■ PROBLEM TO WORK ON:
Keep the text of the data exactly as it is and omit each picture from the copy.

■ SUPPLIED DATA:
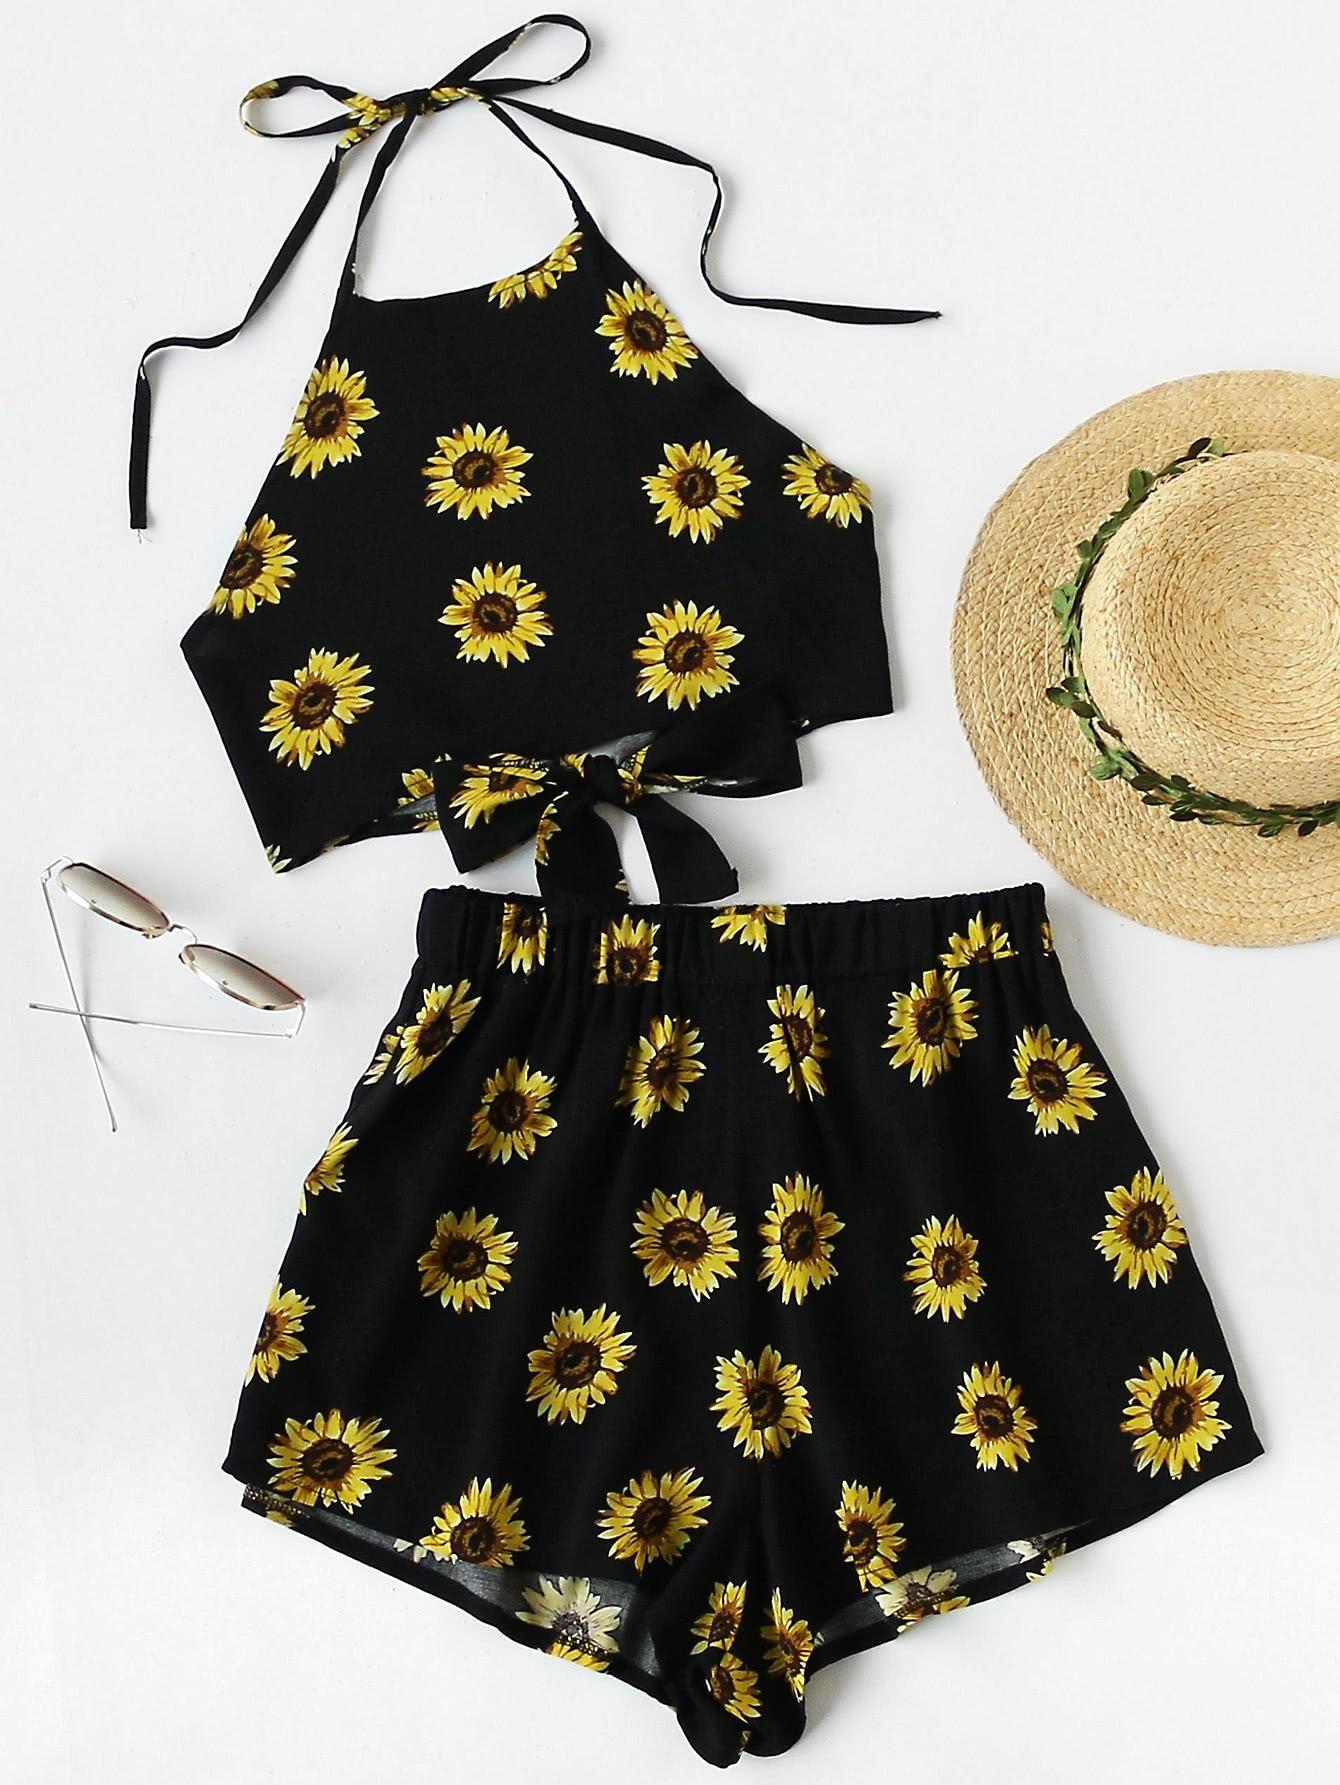 83ca0e1d74 SheIn - SheIn Chrysanthemum Print Random Knot Open Back Top With Shorts -  AdoreWe.com
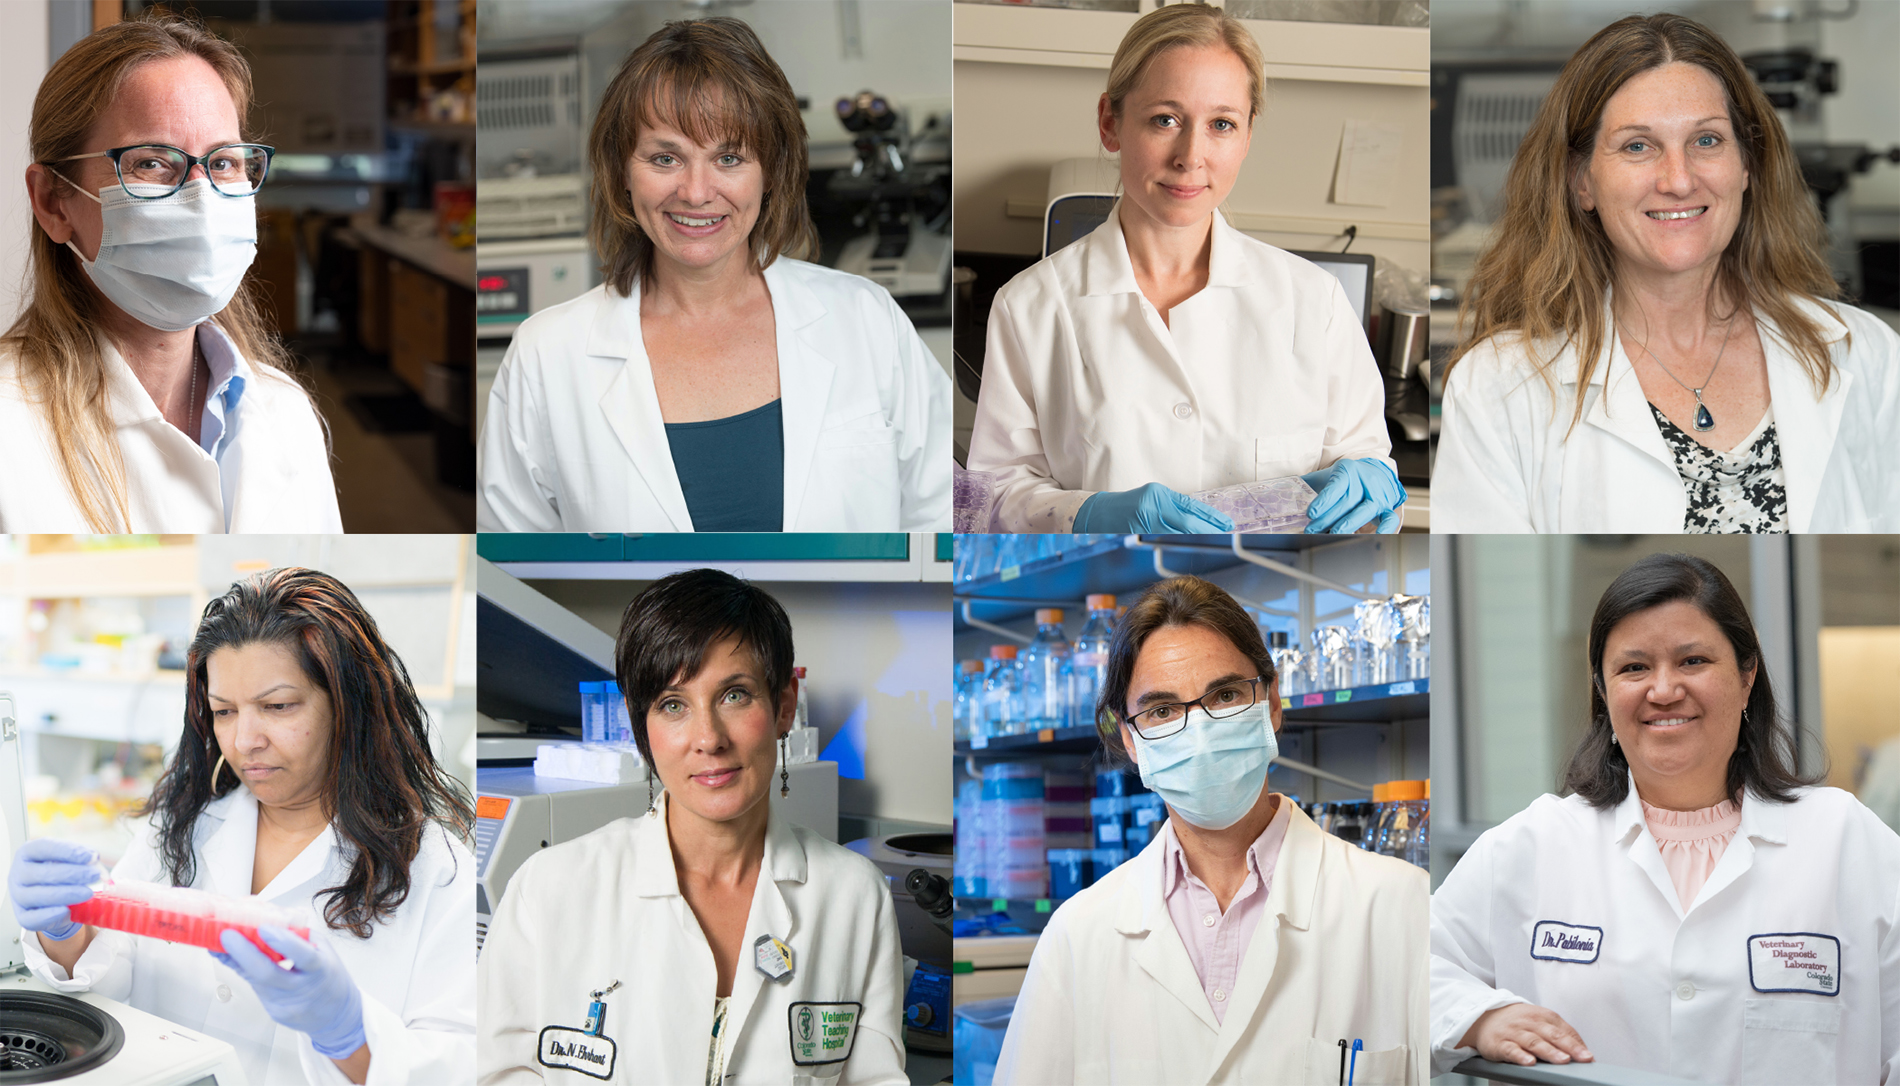 CSU researchers pursuing solutions to COVID-19 include, top row, Amy MacNeill, Candace Mathiason, Rebekah Kading, and Sue VandeWoude; bottom row, Rushika Perera, Nicole Ehrhart, Mary Jackson, and Kristy Pabilonia, among many others. Photos: Colorado State University
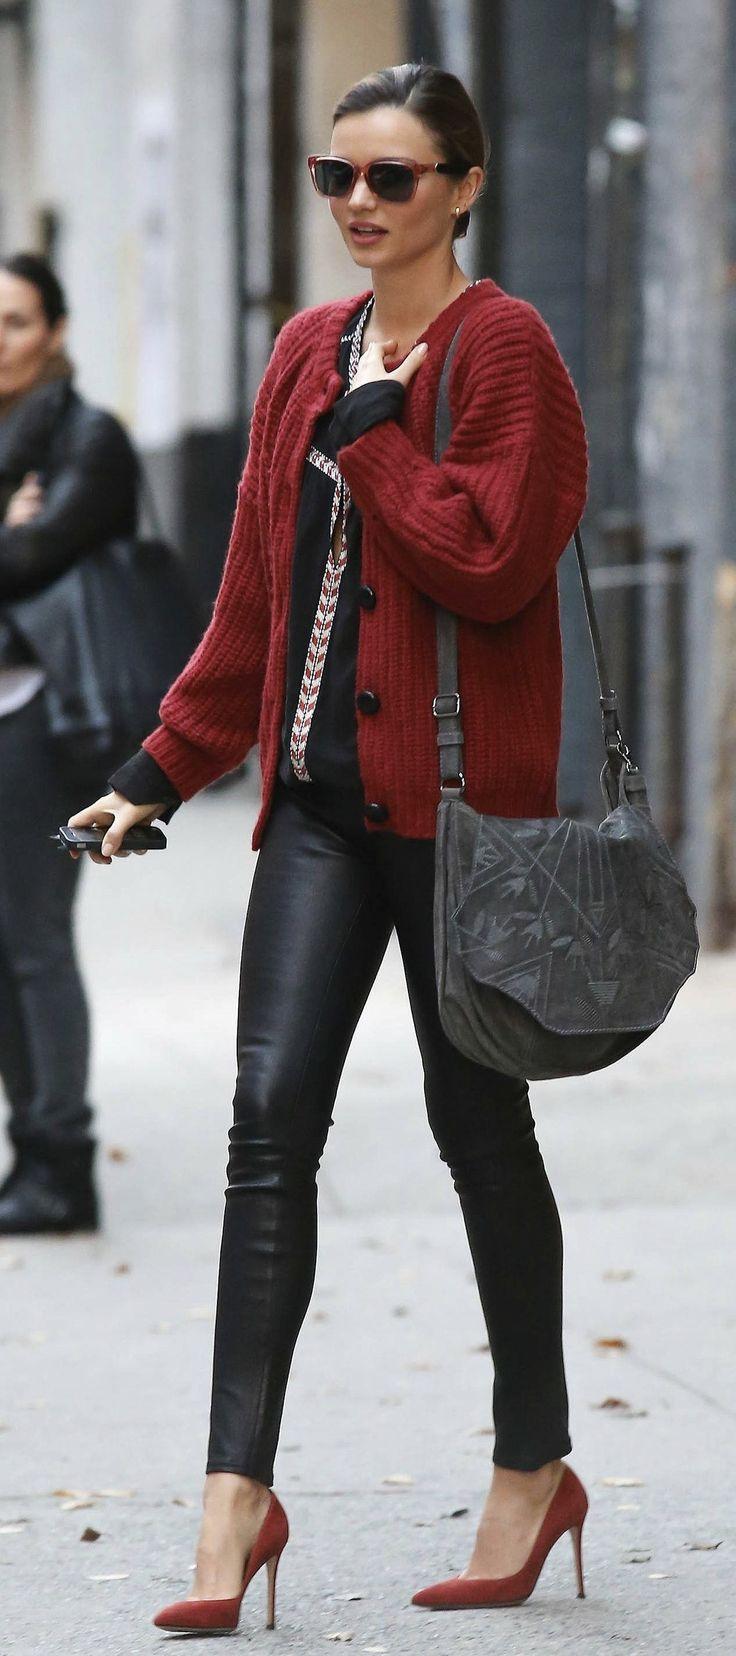 black-skinny-jeans-black-top-blouse-peasant-howtowear-fall-winter-red-cardiganl-leather-red-shoe-pumps-gray-bag-sun-bun-mirandakerr-celebrity-model-hairr-classic-dinner.jpg

■ REPLY TO THE EXERCISE:
 83ca0e1d74 SheIn - SheIn Chrysanthemum Print Random Knot Open Back Top With Shorts -  AdoreWe.com
 CSU researchers pursuing solutions to COVID-19 include, top row, Amy MacNeill, Candace Mathiason, Rebekah Kading, and Sue VandeWoude; bottom row, Rushika Perera, Nicole Ehrhart, Mary Jackson, and Kristy Pabilonia, among many others. Photos: Colorado State University
 black-skinny-jeans-black-top-blouse-peasant-howtowear-fall-winter-red-cardiganl-leather-red-shoe-pumps-gray-bag-sun-bun-mirandakerr-celebrity-model-hairr-classic-dinner.jpg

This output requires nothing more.